I also disagree with this headline because ouch, what a kick in the teeth to women with vestibulitis who would very well benefit from some medical intervention. Surgery or bust just isn’t fair.
The authors note that vulvodynia is more likely to happen among older women, although in practice I’ve seen it among women the same age as I & younger. In practice I’ve also seen resolution take much longer than just a few months for vulvodynia. The authors sound pretty optimistic.

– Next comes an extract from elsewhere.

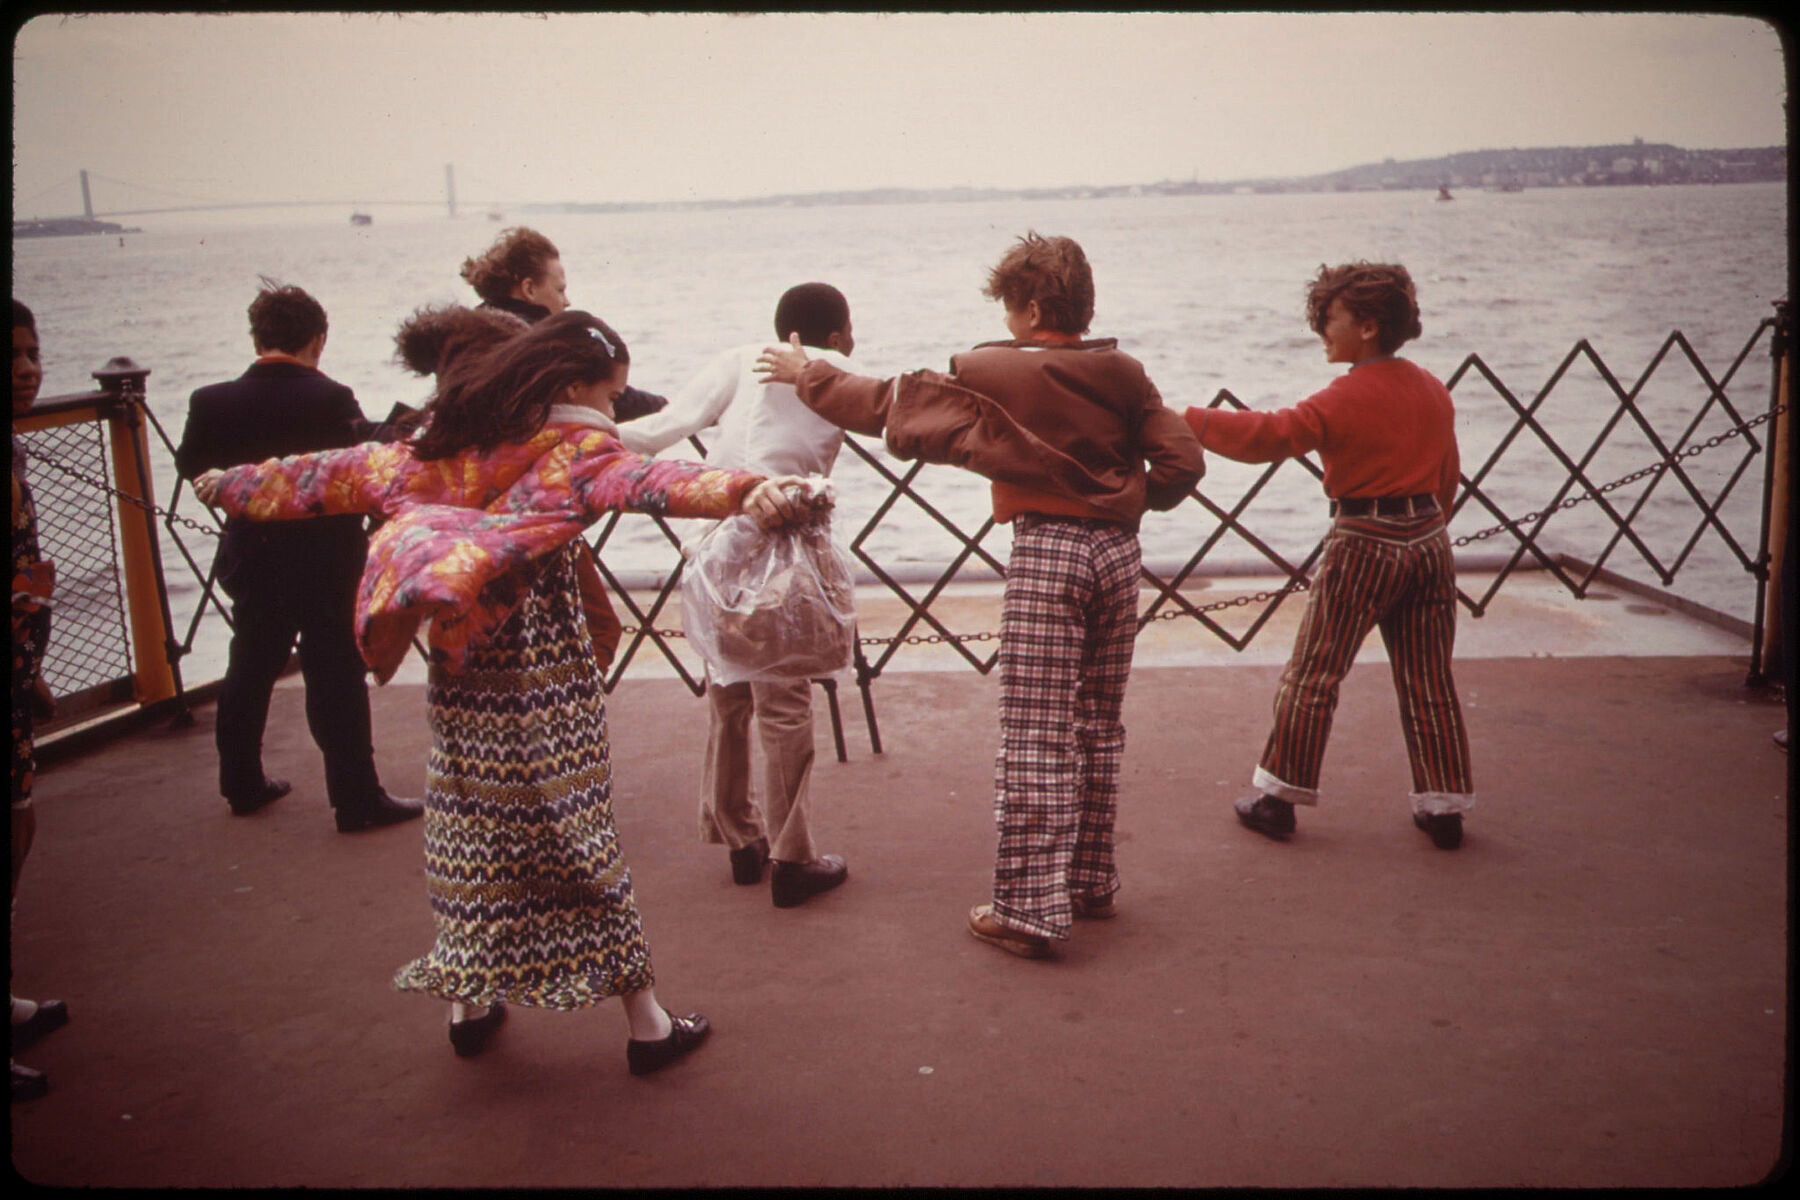 School Excursion on the Staten Island Ferry, Crossing Upper New York Bay by Arthur Tress - 1973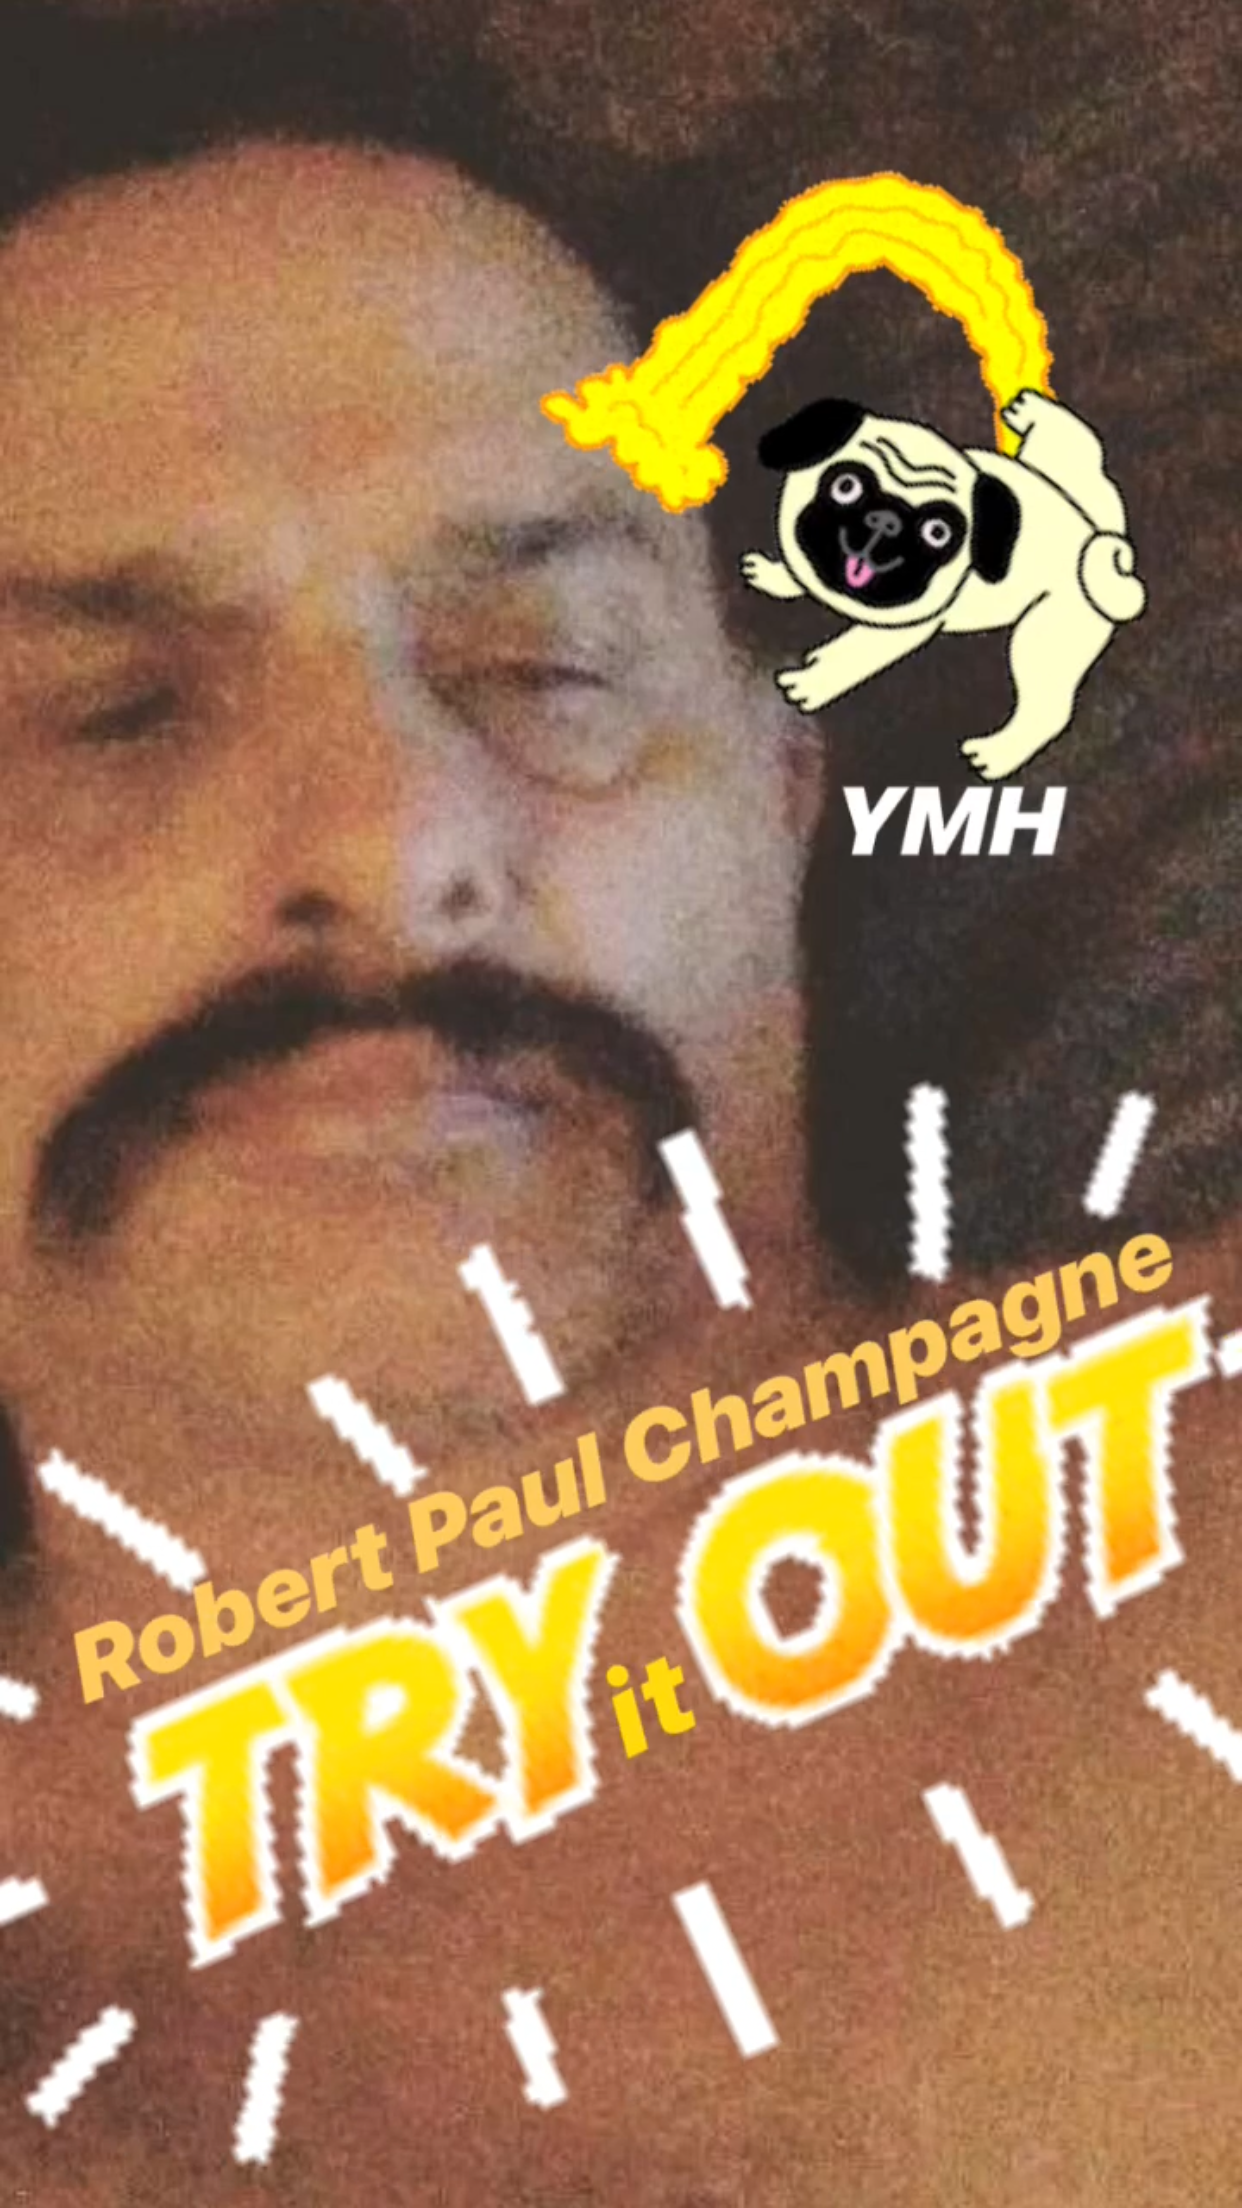 Instagram champagne robert paul Who Is

For some reason Physical Therapy is not mentioned as a treatment in this article at all. I find that to be a glaring omission. “Where’s the beef Biofeedback?!”
Dietary changes & avoiding irritants are likewise not mentioned. Alternative treatments like acupuncture & chiropractic is not mentioned.
Sex therapy is missing. Maaaybe this article isn’t really the best place to bring up sex therapy since, the article focuses on typical medical treatments. I don’t think that sex therapy be a good option for myself but the authors could have mentioned it as an option to expand a patient’s sexual horizions. Intercourse does not necessarily have to be the end goal of treatment, which is kind of implied with the patient used as an example at the beginning & end of the text.
The authors do not examine possible causes much.
Some of the sources cited in the footnotes are on the older side. I’m familiar with several studies though; I’ve printed out & read several of these. The Goetsch study in particular comes to mind. I’ve seen statistics in other subsequent studies hover around the same incidence rate numbers that Goetsch came up with so I guess the repeatability makes it a fairly strong research paper. Still, I’d prefer to see a stronger emphasis on more recent work.
So it’s not perfect, it’s missing some things, but it’s still an article on a website so maybe somebody with a medical degree will actually pay attention. Or even a layperson who never heard of such things before.